Details
-
Bug
-
Resolution: Fixed
-
Minor
-
Lustre 2.6.0
-
3
-
12170
Description
In ll_md_blocking_ast() we try to avoid calling ll_md_real_close() by looking for a same mode OPEN lock on the file.
case LDLM_CB_CANCELING: { struct inode *inode = ll_inode_from_resource_lock(lock); __u64 bits = lock->l_policy_data.l_inodebits.bits; ... if (bits & MDS_INODELOCK_XATTR) ll_xattr_cache_destroy(inode); /* For OPEN locks we differentiate between lock modes * LCK_CR, LCK_CW, LCK_PR - bug 22891 */ if (bits & (MDS_INODELOCK_LOOKUP | MDS_INODELOCK_UPDATE | MDS_INODELOCK_LAYOUT | MDS_INODELOCK_PERM)) ll_have_md_lock(inode, &bits, LCK_MINMODE); if (bits & MDS_INODELOCK_OPEN) ll_have_md_lock(inode, &bits, mode); ... if (bits & MDS_INODELOCK_OPEN) { int flags = 0; switch (lock->l_req_mode) { case LCK_CW: flags = FMODE_WRITE; break; case LCK_PR: flags = FMODE_EXEC; break; case LCK_CR: flags = FMODE_READ; break; ... ll_md_real_close(inode, flags); }
However the ll_have_md_lock(inode, &bits, LCK_MINMODE) call may match a lock which happens to include MDS_INODELOCK_OPEN but has an inappropriate mode.
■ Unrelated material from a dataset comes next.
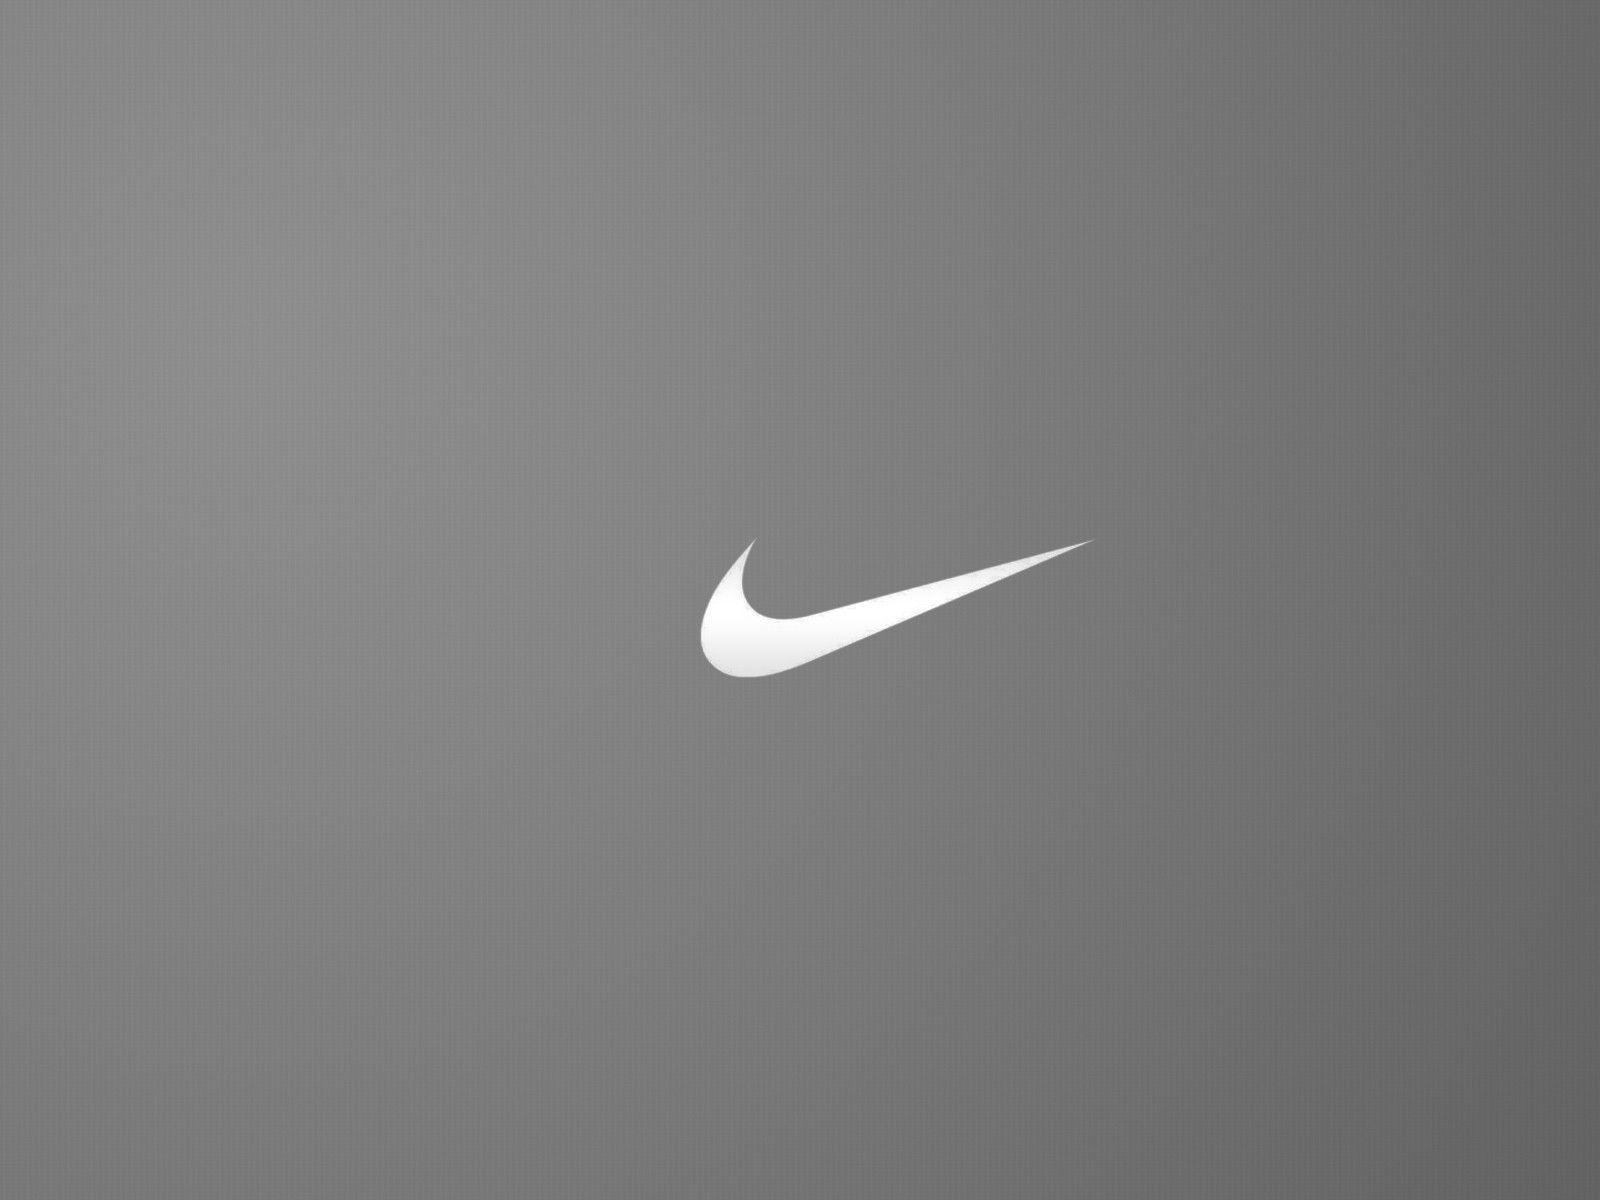 Logo nike wallpaper wallpapersafari - Nike Shoes Wallpaper B

This will prevent ll_md_real_close() from being called when it should be and leave a stale obd_client_handle in the lli.
That handles are really being leaked is easy to see by using the patch http://review.whamcloud.com/#/c/6386/ from LU-946. Then do
# llmount.sh ... # DURATION=10 sh ./lustre/tests/racer.sh ... # lsof /mnt/lustre # lctl set_param ldlm.namespaces.*mdc*.lru_size=clear # lctl get_param ldlm.namespaces.*mdc*.lru_size # lctl dk > 1.dk # cat /proc/fs/lustre/mdt/lustre-MDT0000/exports/0\@lo/open_files [0x200000400:0x9d1:0x0] 04240000001 0xbd7c9c99fdb17cfc [0x200000401:0x893:0x0] 04240000001 0xbd7c9c99fdad82ad
Note that I have modified the patch to also print the flags and cookie of the MFD.